2.3. Safety Standards

Within the SAFEPOWER architecture, the use of LPT has been aligned with safety standard recommendations when addressing the challenges described in the previous section, specifically with the reference standard for embedded electronics safety-related systems IEC-61508.

The IEC-61508 (Section 3 Annex F.5) requires achieving temporal independence between software elements hosted on a single computer system, and it recommends deterministic scheduling techniques, like time-triggered architectures or time slice approaches supported by worst case execution time analysis, to demonstrate statically that timing requirements for each element are met. Thus, static resource allocation is highly recommended over dynamic reconfiguration (Section 3 Annex A.2).

Aligned with this safety standard requirement, the SAFEPOWER architecture relies on the static planning of the LPT based on system modes (or low-power modes). LPT are activated only within predefined modes, for which the timing behaviour has been statically assessed. Additionally, mode transition is justified using “graceful degradation” (Section 3 Annex A.2) by dropping less critical functions, which is a highly recommended technique by the safety standard. At runtime, only the switching between predefined modes is managed, which is the responsibility of the hypervisor within the SAFEPOWER architecture.

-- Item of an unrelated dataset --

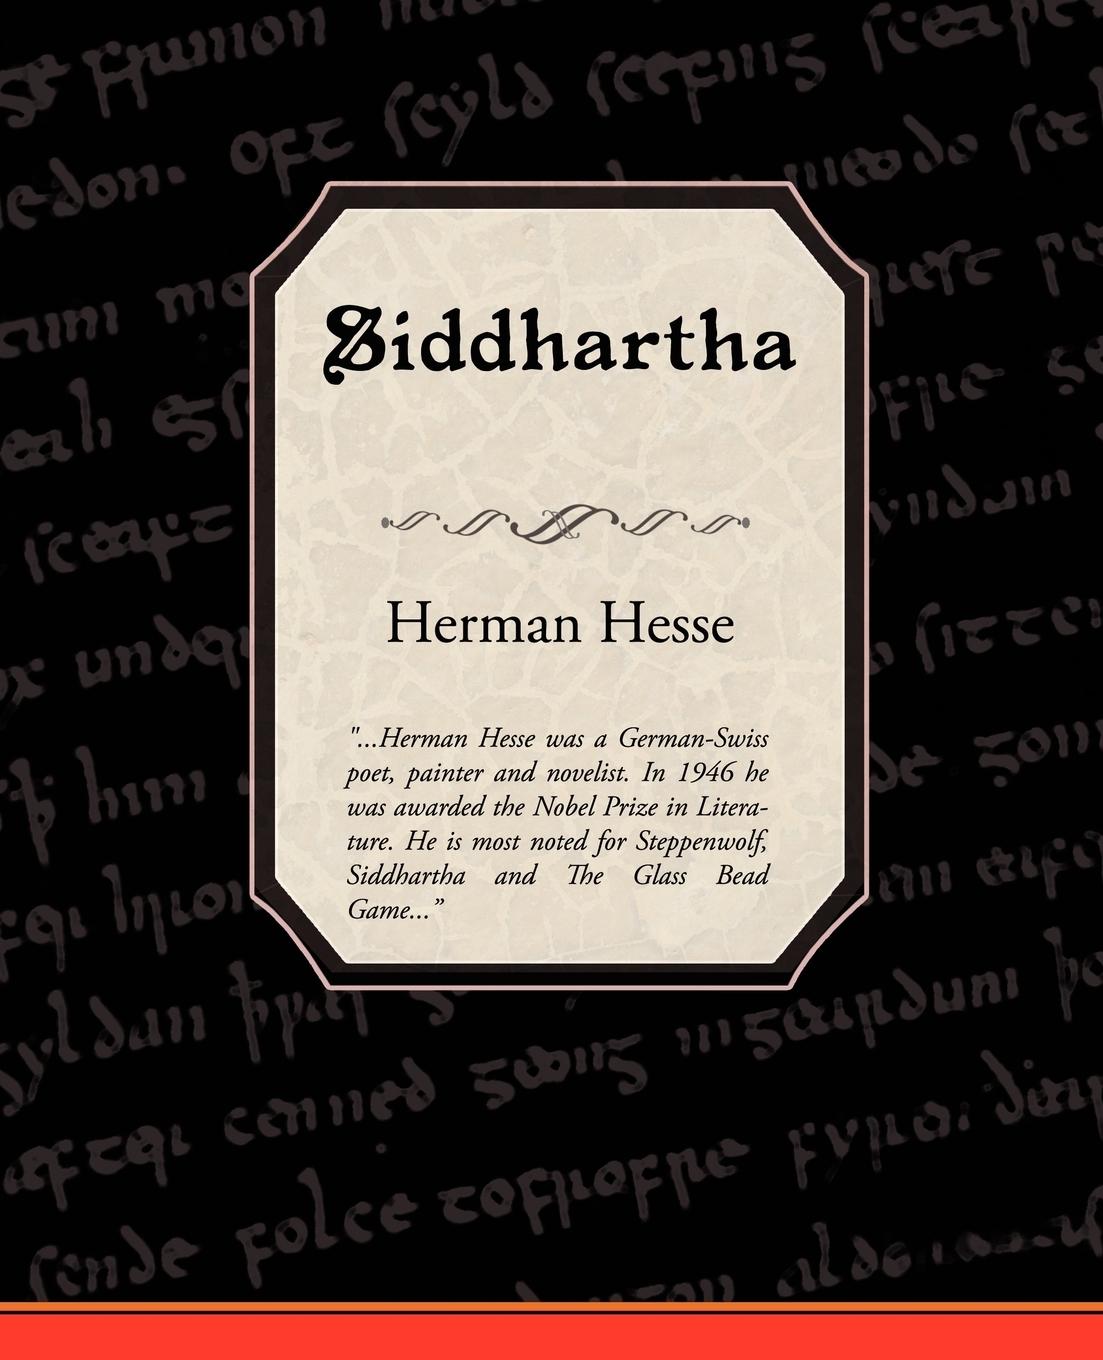 Siddhartha - Hesse, Herman

3. The SAFEPOWER Reference Architecture

3.1. Overview

The SAFEPOWER reference architecture (see Figure 1a) consists of a tile-based architecture, which is connected via a time-triggered network on chip. The tiles can contain various processors and peripherals. Tiles can be managed by a Type-1 hypervisor [13] running on the tile’s hardware and allowing for an arbitrary amount of user partitions. The hypervisor provides a monitoring partition to which dedicated hardware monitors are connected. The monitoring partition can poll the monitored values and enables the hypervisor to react to system changes.

To reduce the complexity, unmanaged tiles, also called bare-metal tiles, are not organized by a hypervisor. To establish a transparent view on the system for applications, the unmanaged tiles implement a light version of the hypervisor application interface. This way, applications can be mapped to different tiles without extra effort. Each tile is connected via an NI to a time-triggered NoC. The time-triggered behaviour is executed based on a pre-computed communication schedule that triggers the message injection times.

The SAFEPOWER reference platform has been defined with enough abstraction level so that it can be implemented regardless of the platform or any other details like the hypervisor used in a multicore platform or the communication used among processors. An example implementation for the Xilinx Zynq SoC can be seen in Figure 1b. Besides the single tiles and the time-triggered network, the main components of the suggested architecture (shown in Figure 1a) are described in brief below. For more a detailed description, please refer to [19].

Extended Hypervisor (DynamicLPT)

This is an extended version of a hypervisor (see [13]) that integrates a subset of LPT, named “DynamicLPT”. These techniques take advantage of the dynamic slack time of the running application, i.e., the idle time since a partition completed a periodic task until the next start of the task itself. These techniques allow the hypervisor to implement scheduling plans that take advantage of the dynamic behaviour of the running application. For example, the system frequency can be automatically reduced, or a core suspended, if a slack time over a platform-specific threshold is detected in a running task.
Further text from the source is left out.